Never one to shy away from a chance to earn a dime, there are of course all kinds of deluxe versions of this 40th anniversary re-release of Creatures Of The Night, including one with 5 CD’s and a Blu-Ray disc. Luckily, Kiss have also decided to cater to us more casual fans and offer the album itself without any bells and whistles on both CD and vinyl. Personally, I don’t need the outtakes, live recordings and all other extras; just the album itself suffices. But, of course, I do understand that collectors are interested in just that: all the extra stuff, all the unheard stuff.

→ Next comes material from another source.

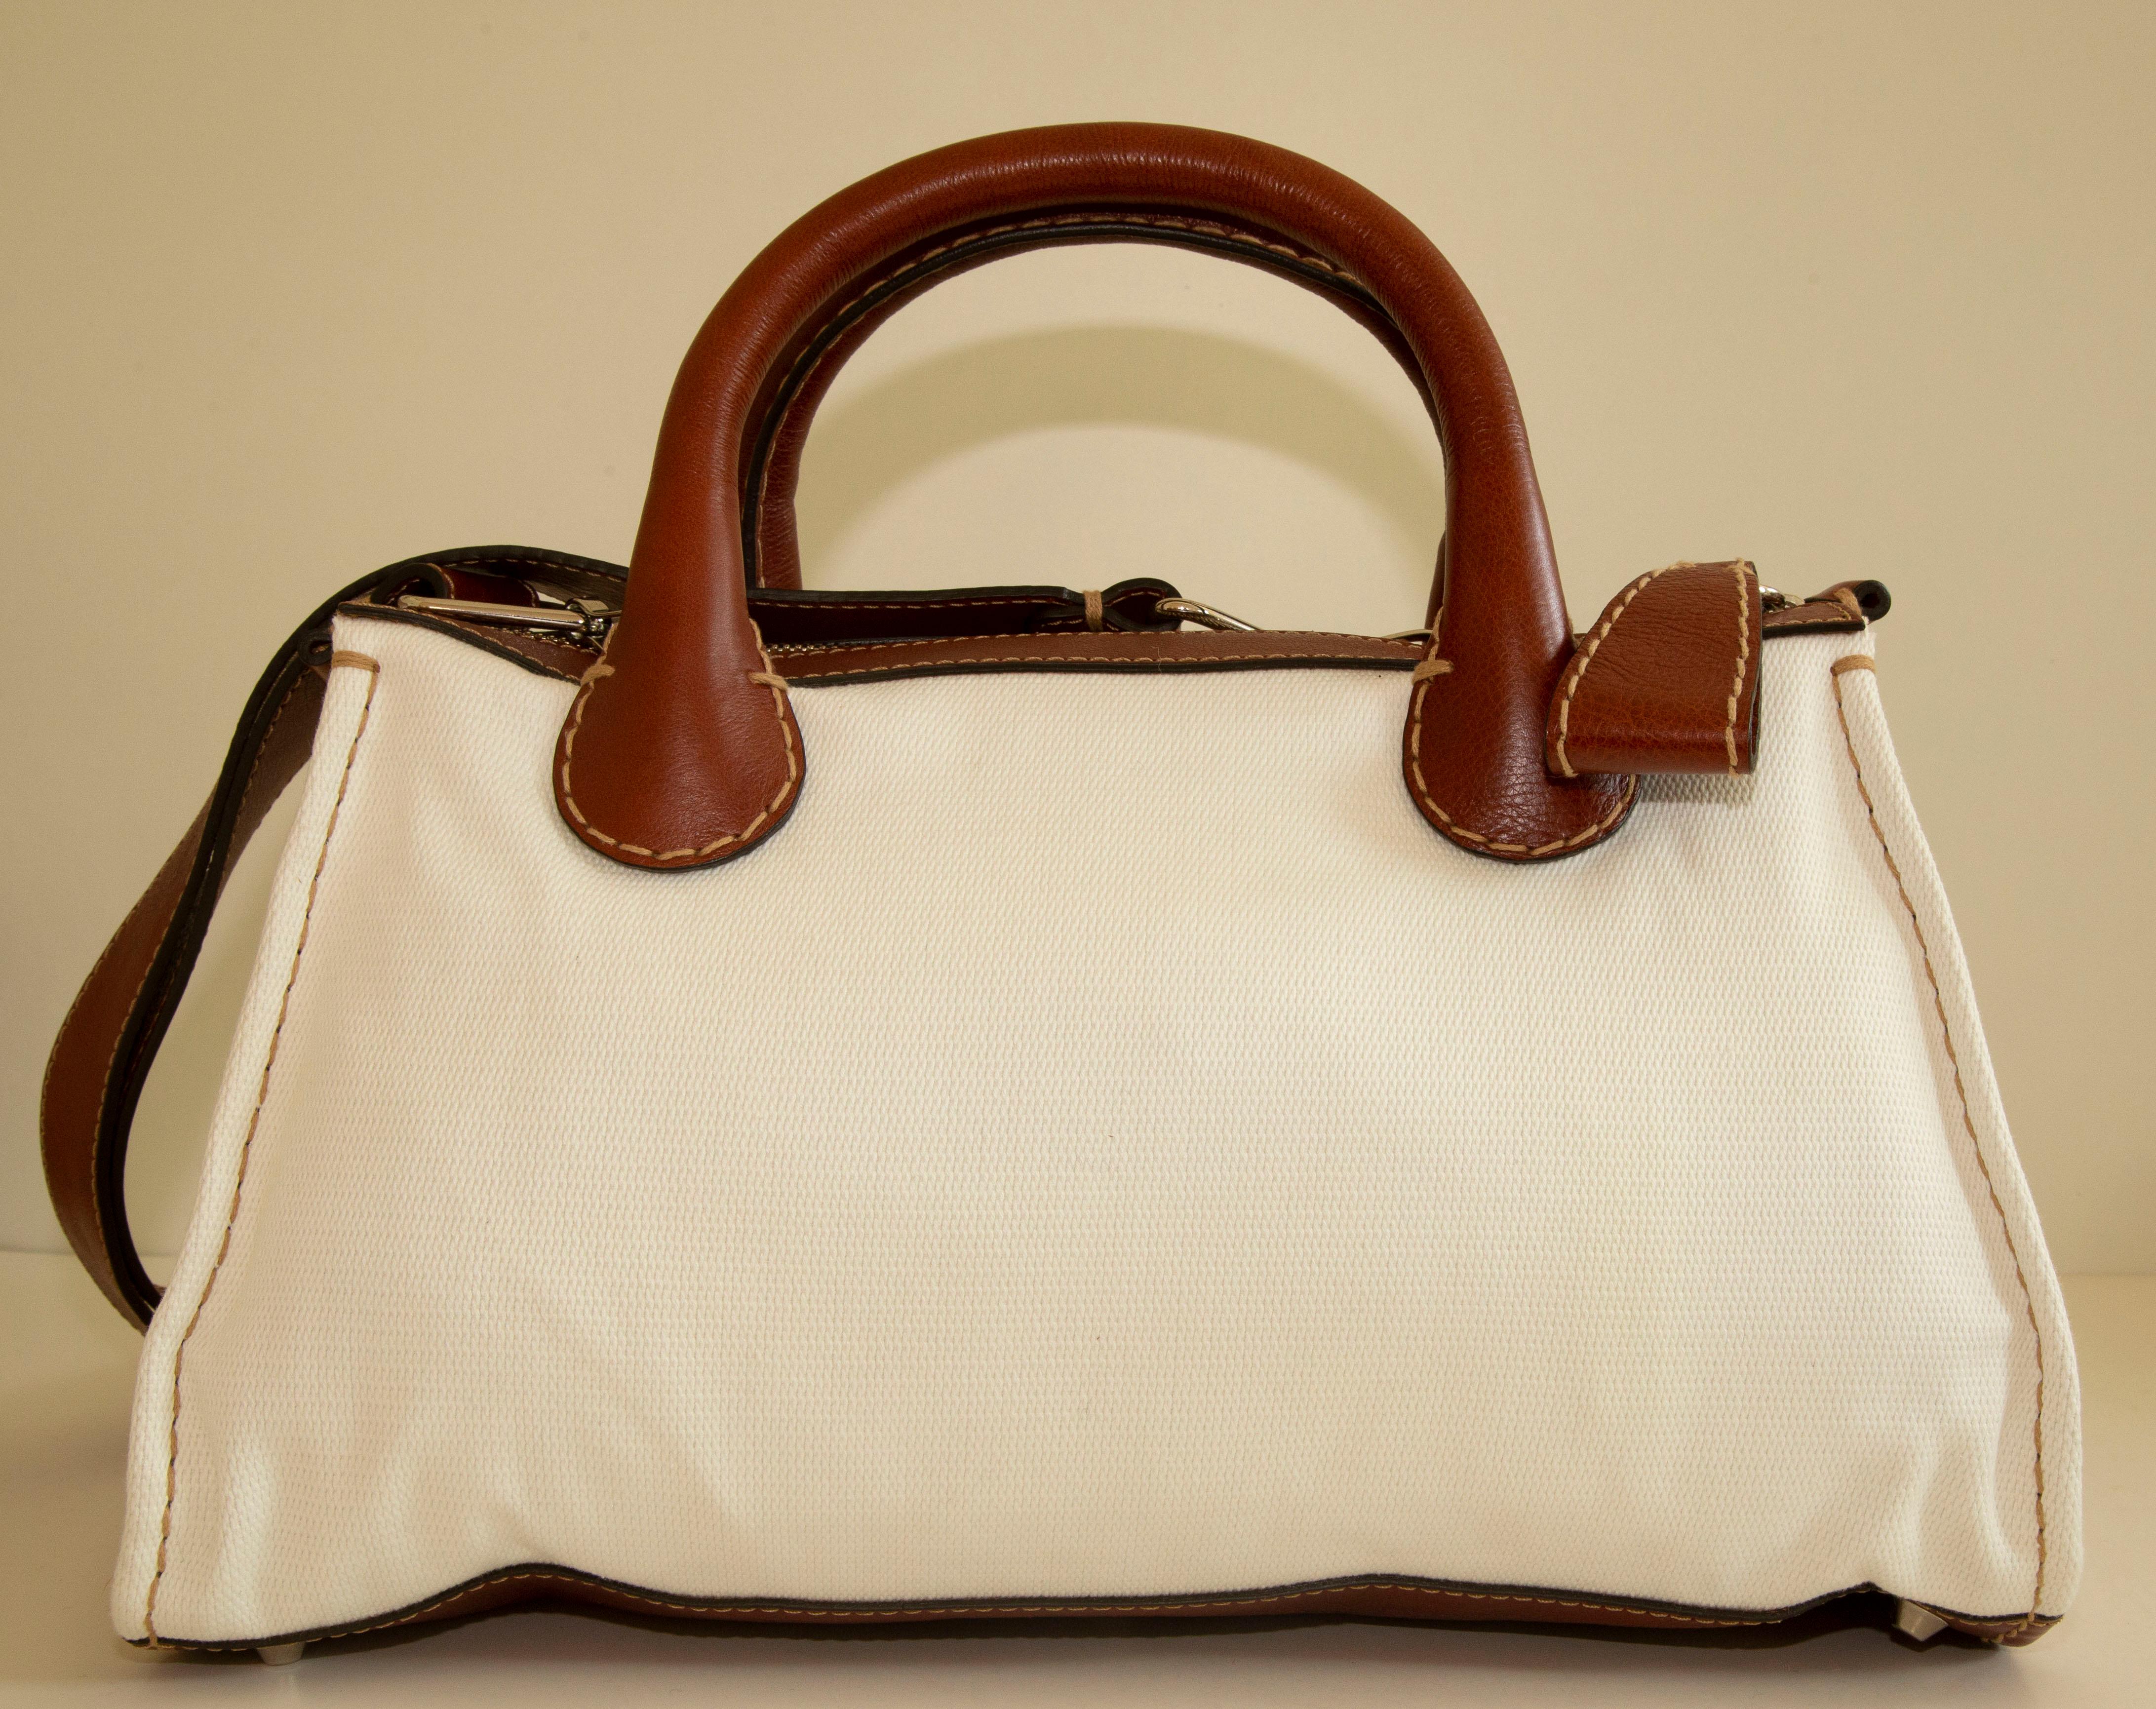 Fourre-tout moyen Chloe Edith en toile blanche avec garniture en cuir marron et quincaillerie en ton argenté. Le sac peut être porté comme un sac à poignée supérieure ou comme un sac à bandoulière grâce à la bandoulière amovible (108 cm de long).

This basic edition is really just that: basic. The booklet of the CD contains only the lyrics and credits; not even the liner notes from previous re-releases are included. In fact, I can’t even find the line-up of the band mentioned in the booklet. But that’s okay. If I’d wanted something extra, I’d have shelled out for one of the many expanded editions of this anniversary re-release.
In retrospect, Creatures Of The Night is a stop-gap album between two eras of Kiss. The original line-up was no more, and even Ace Frehley would soon leave – he is credited on the album and featured on the cover, but apparently plays barely a note on the album. And for the next album, Kiss would shed their skin quite literally, and appear without masks for the first time. The drought in the commercial department would also come to an end, as the unmasked Kiss managed to reconnect with rock crowds and once again be able to shift enough albums to warrant more significant chart success.
In that context, Creatures Of The Night is the innocent victim of circumstances. It’s a thoroughly solid album, perhaps even one of the more solid albums in Kiss’ discography, all albums considered, but likely many dismissed it upon release after the disappointment of the previous few albums. It probably never stood a fighting chance. Luckily, Kiss have never been ones to pretend like an album of their never existed, and as such Creatures Of The Night has been available quite easily since then, and seems to have a fair share of proponents among Kiss fans.
If you’ve somehow missed out on this album – or dismissed it up until now – well then, this 40th anniversary edition is a good time to give it a chance. I don’t think you’ll regret it.